Europe is famous for olive oil. Extra virgin labels, origin claims, and a sense that the system has your back. But the EU’s own auditors recently described something different: a comprehensive framework that is applied unevenly.
If you want to read the primary source, here it is: European Court of Auditors – Special Report 01/2026 (web) and the Special Report 01/2026 (PDF).
What the EU audit found (in plain English)
The report is titled “Control systems for olive oil in the EU – A comprehensive framework, but unevenly applied.” That subtitle matters. The issue is not that rules don’t exist. The issue is that enforcement is inconsistent.
- Minimum quality checks are not always met in some major markets, especially for category checks that verify “extra virgin” status.
- Some lab testing is incomplete, which increases the chance that non-compliant oil slips through.
- Sanctions are not always dissuasive, and in some places enforcement is slow.
- Imported olive oil is not systematically tested for pesticides and other contaminants in the member states examined.
- Traceability can break down once oils cross borders or are blended across multiple origins.

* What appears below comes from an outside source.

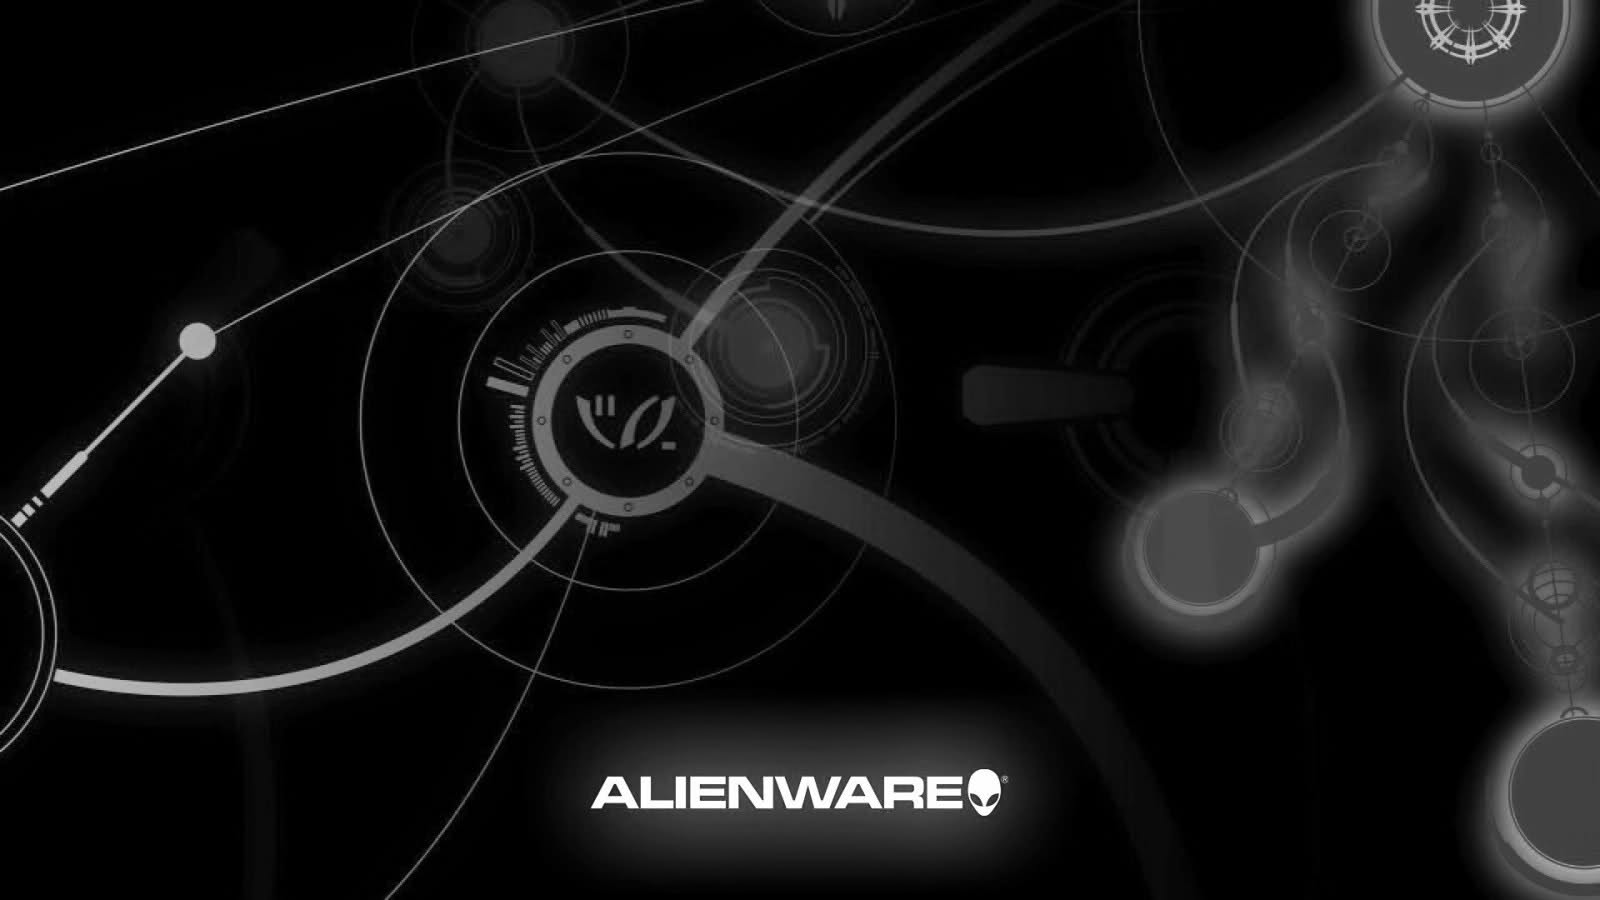 45 Alienware Lock Screen Wallpaper On Wallpapersafari
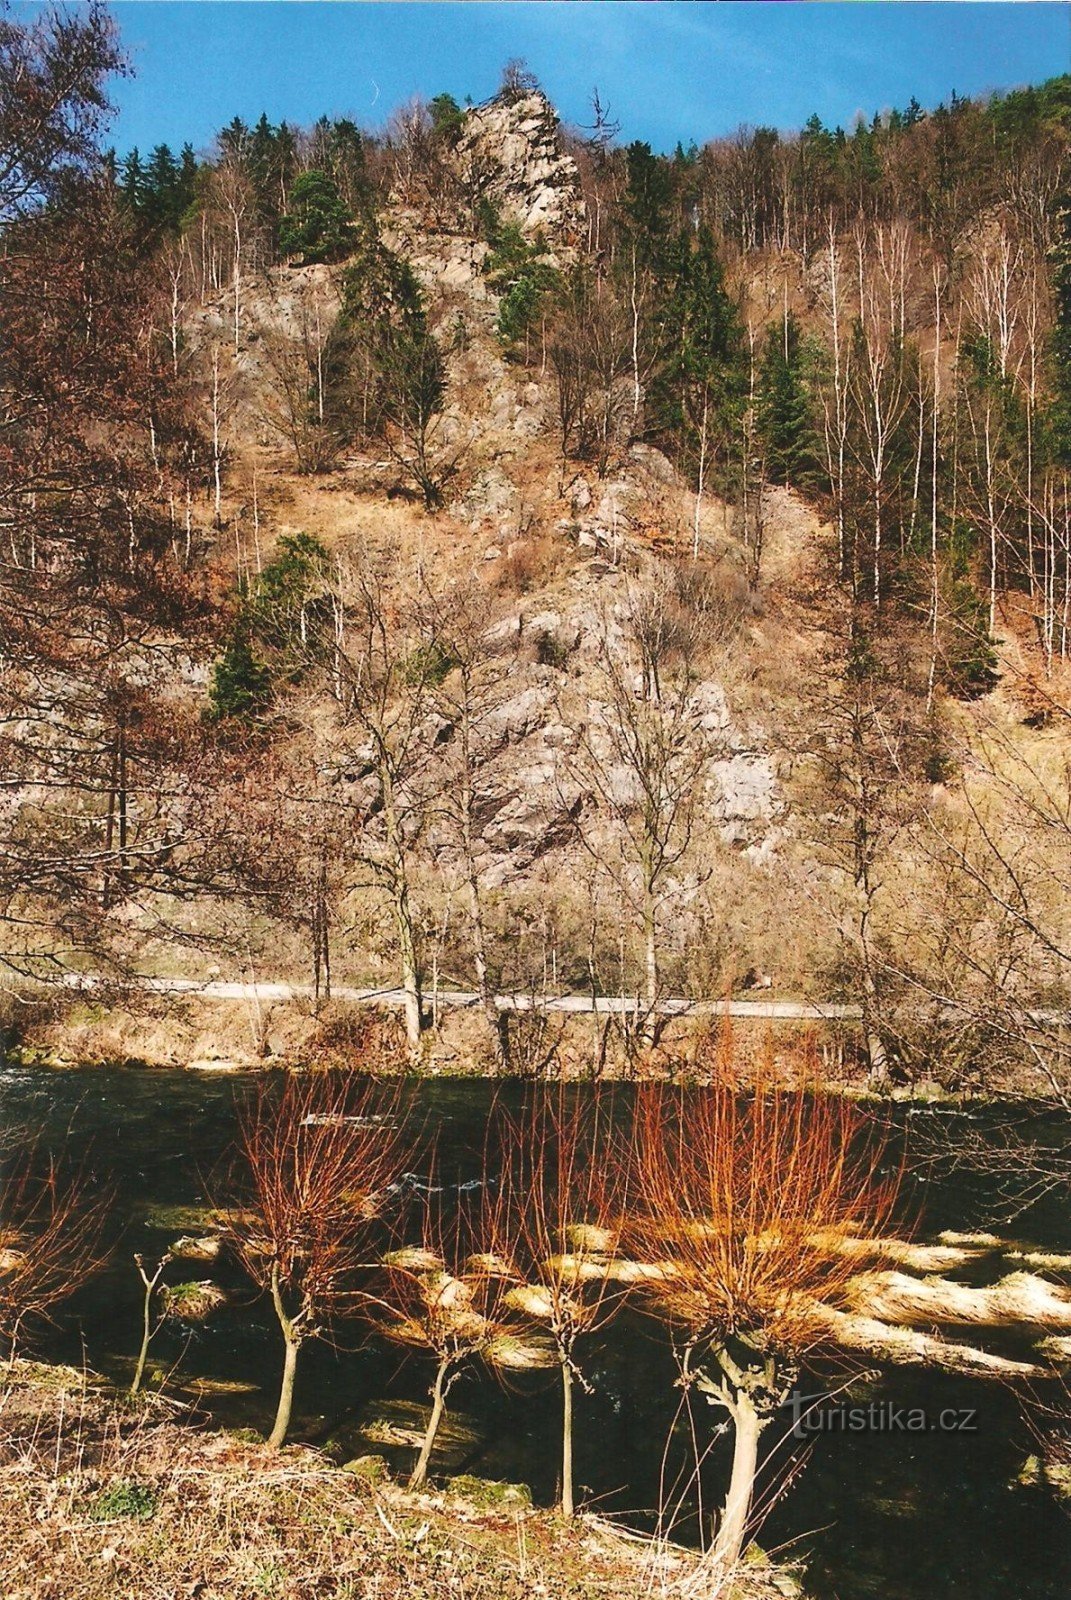 Vírská rock garden - Klubačicen näköalapaikka

The report also highlights something most serious producers already know: many “extra virgin” failures are linked to degradation over time (heat, light, storage), not only overt fraud. That is still a quality failure for the buyer, and it is common in long, high-volume supply chains.
“Olive oil fraud” is often a supply-chain problem
When people hear olive oil fraud, they picture blatant adulteration. That does happen in the world. But the EU audit focuses heavily on how category failures show up in real checks: sensory panels identify far more non-compliance than chemical tests, and a meaningful share is consistent with oils aging out of spec.
In practice, the biggest risk to the consumer is not a single villain. It’s the structure of the market: bulk movement, blending, long storage, long “best before” windows, and thin inspection coverage relative to volume. A label can be technically compliant at bottling and still fail your kitchen test six months later.
Why small Croatian farms are easier to trust
Croatia is not one of the EU’s industrial olive oil powerhouses. That is exactly why it can be better for quality. In the Zadar region, production is often family-scale: smaller groves, short distances to the mill, and limited runs that don’t need to be blended into anonymity.
On a small farm, accountability is physical: the same people who harvest the olives taste the oil, store it, and decide what gets bottled. If a batch is weak, it can’t be hidden inside a larger blend. If the oil is mishandled, the producer notices quickly because they live with the product.
This is why “local” isn’t just marketing. It’s a control system. It reduces the number of handoffs where quality quietly disappears.
How Selo sources Croatian extra virgin olive oil
Selo Olive Oil exists for a simple reason: we want extra virgin that tastes alive, not just extra virgin on paper. We work with authentic family tradition producers in Croatia’s Zadar region and avoid commodity-style sourcing.
- Direct relationships with small producers, not brokers.
- Limited-run bottling instead of wide blending across regions and harvests.
- Freshness-first mindset, because degradation is real and it is common in mass retail supply chains.
- Traceability you can understand: fewer links, fewer documents, fewer places for the story to break.
None of this replaces regulation, and we are not against standards. The point is simpler: the EU audit shows controls can be uneven in practice. When the system is uneven, the best hedge is shorter distance between you and the farm.
If you’re buying extra virgin, here’s the safest mental model
Treat extra virgin as something that must be protected, not a label that protects itself. If you want a higher chance of real extra virgin quality:
- Prefer small farms over anonymous blends.
- Prefer short supply chains over multi-country sourcing.
- Assume heat and light are the silent killers of quality.
- Buy oil that is meant to be used, not displayed for months.
That’s the logic behind Selo, and it’s why we bet on Croatian olive oil from the Zadar region.